DTI v Walden [HHJ Peter Clark, 22.7.99]: An employee, when claiming against the DTI for a payment out of the National Insurance fund becuase of the insolvency of the employer company, must prove that the employer company was insolvent within the meaning of ERA 1996, s183. Mere proof that the employer company had been dissolved was inadequate, because a company could be dissolved for reasons other than those set out in s183 (eg a defunct company) when no payment out of the fund should be made.

Lewisham v Candy [Charles J., 9.6.99]: In circumstances where a large employer (10,000 employees) is making a team of roofers redundant, and the roofers are represented by a union, it is unreasonable (and therefore unfair) for the employer to consult with the union but not with the individual employees, since the union might have a conflict of interest.

React Staffing Agency v Benstead [Morison J., 28.7.99]: The employer sent a fax to the employment tribunal, one week before the hearing, asking for an adjournment on the grounds she had a hospital appointment. She was able to produce the fax confirmation slip (which had the correct fax number on and an imprinted confirmation from the Employment Tribunal's fax machine). The fax was not placed before the ET chairman, and the ET found that here had been unauthorised decuctions from the applicant's wages. Indeed, despite the fax confirmation, the ET asserted to the EAT that the fax had never been received. The EAT held that this was clearly an appropriate case for allowing an appeal and remitted the case to a fresh tribunal.
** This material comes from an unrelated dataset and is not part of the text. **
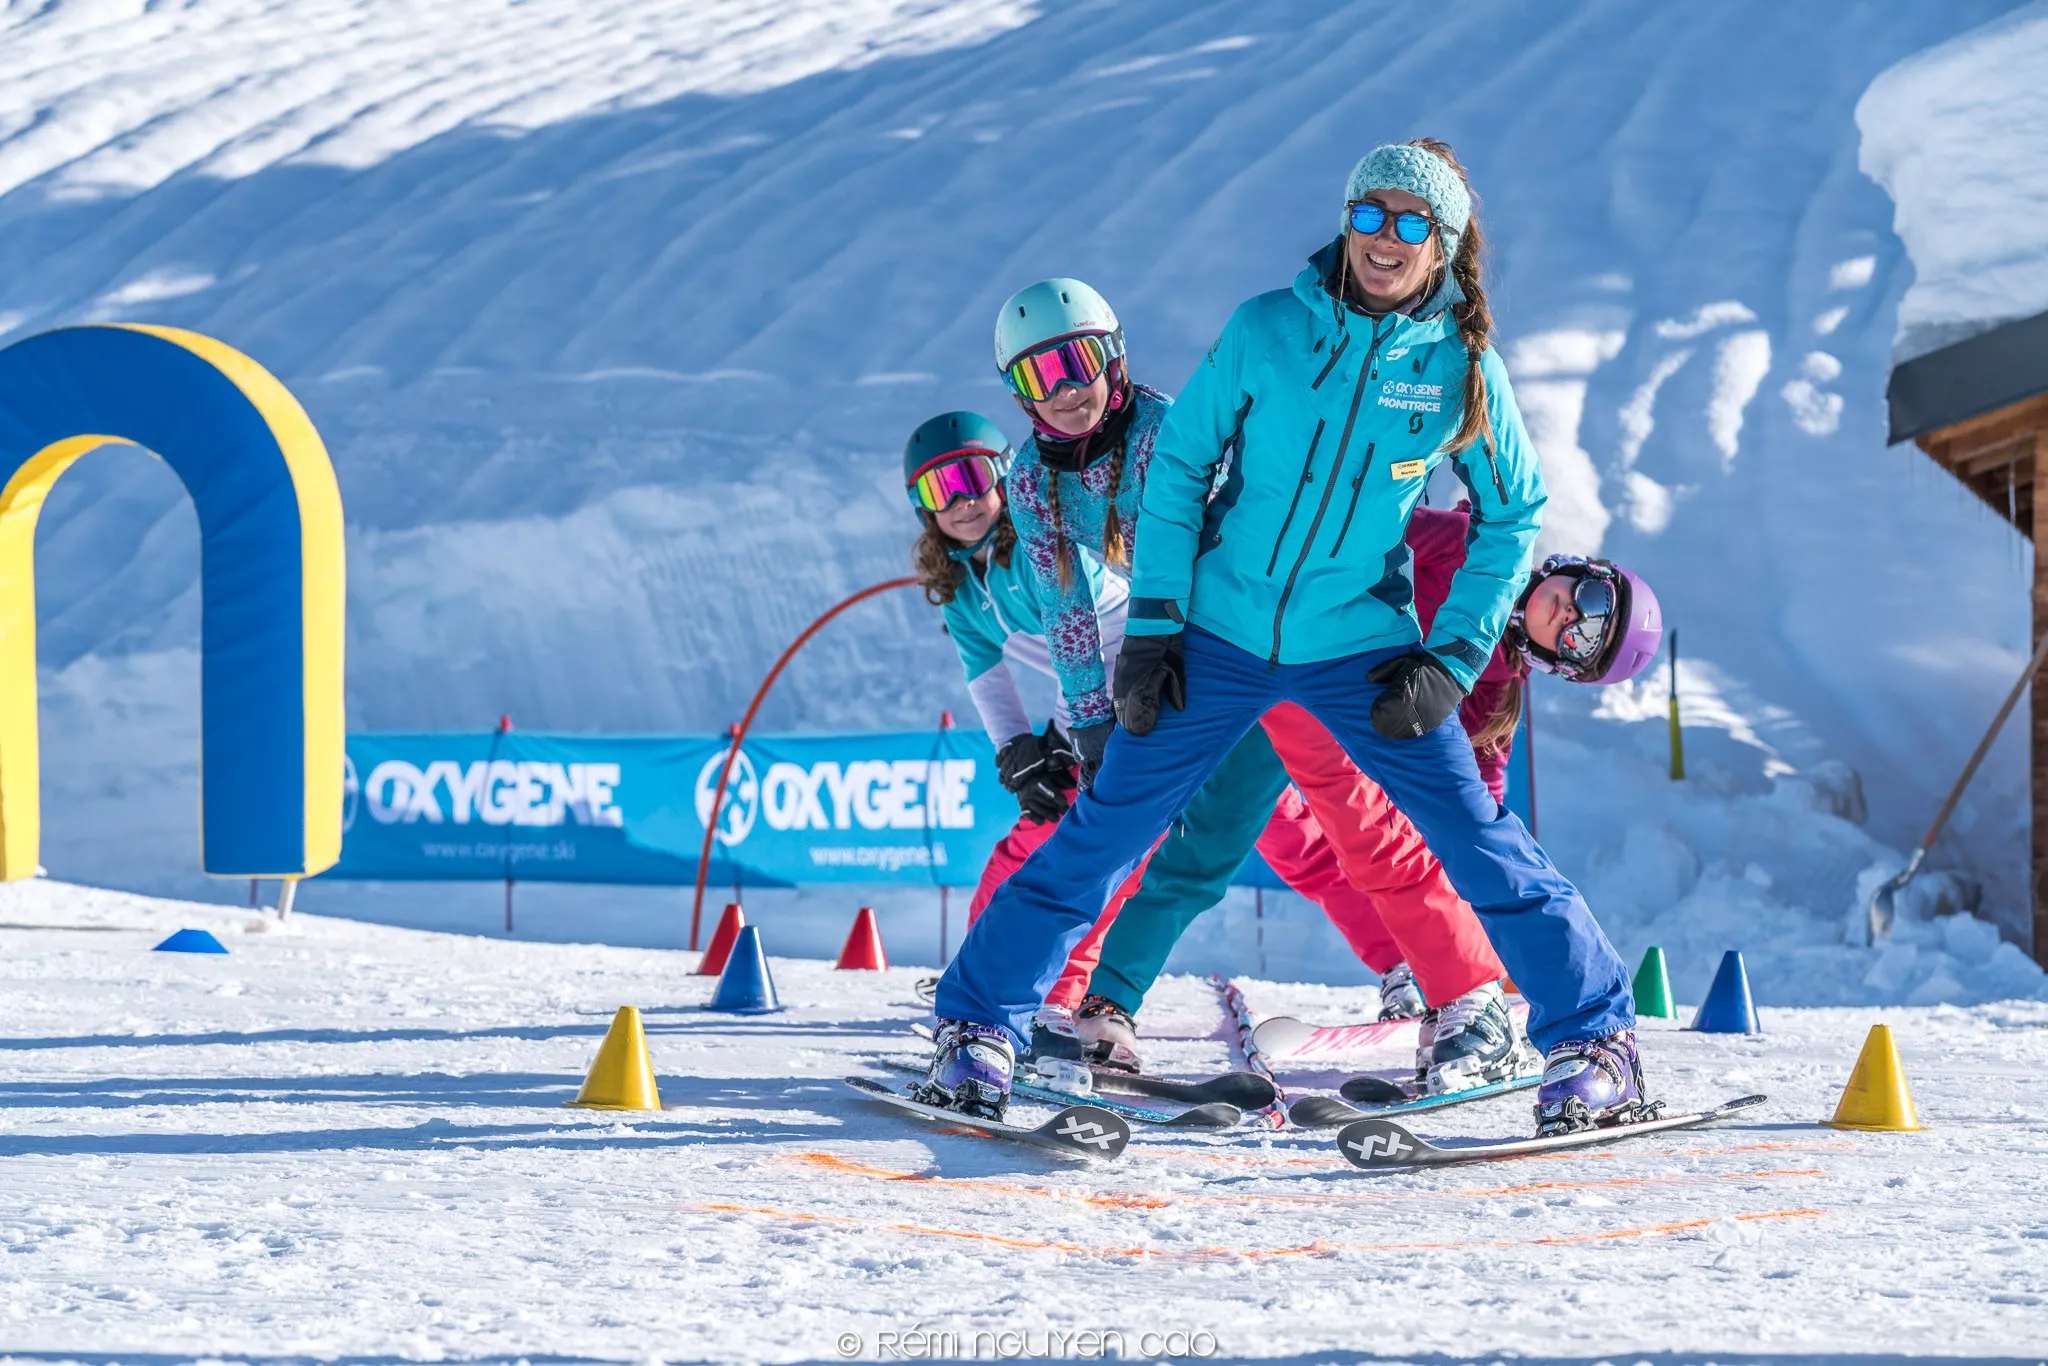 Oxygene Ski & Snowboard School Meribel in France, Europe | Snowboarding,Skiing - Rated 1

COMMENT: It is difficult to see an error of law in the ET's decision, since there was no decision refusing an adjournment. It may be that an application for a review, rather than an appeal to the EAT, would have been an equally appropriate course for the employer to take.

William West v Fairgrieve [Morison J., 25.6.99]: An unsurprising decision of the EAT, in which it holds that negotiations for a pay increase between the transferor and a trade union after a TUPE transfer has occurred cannot bind the transferee.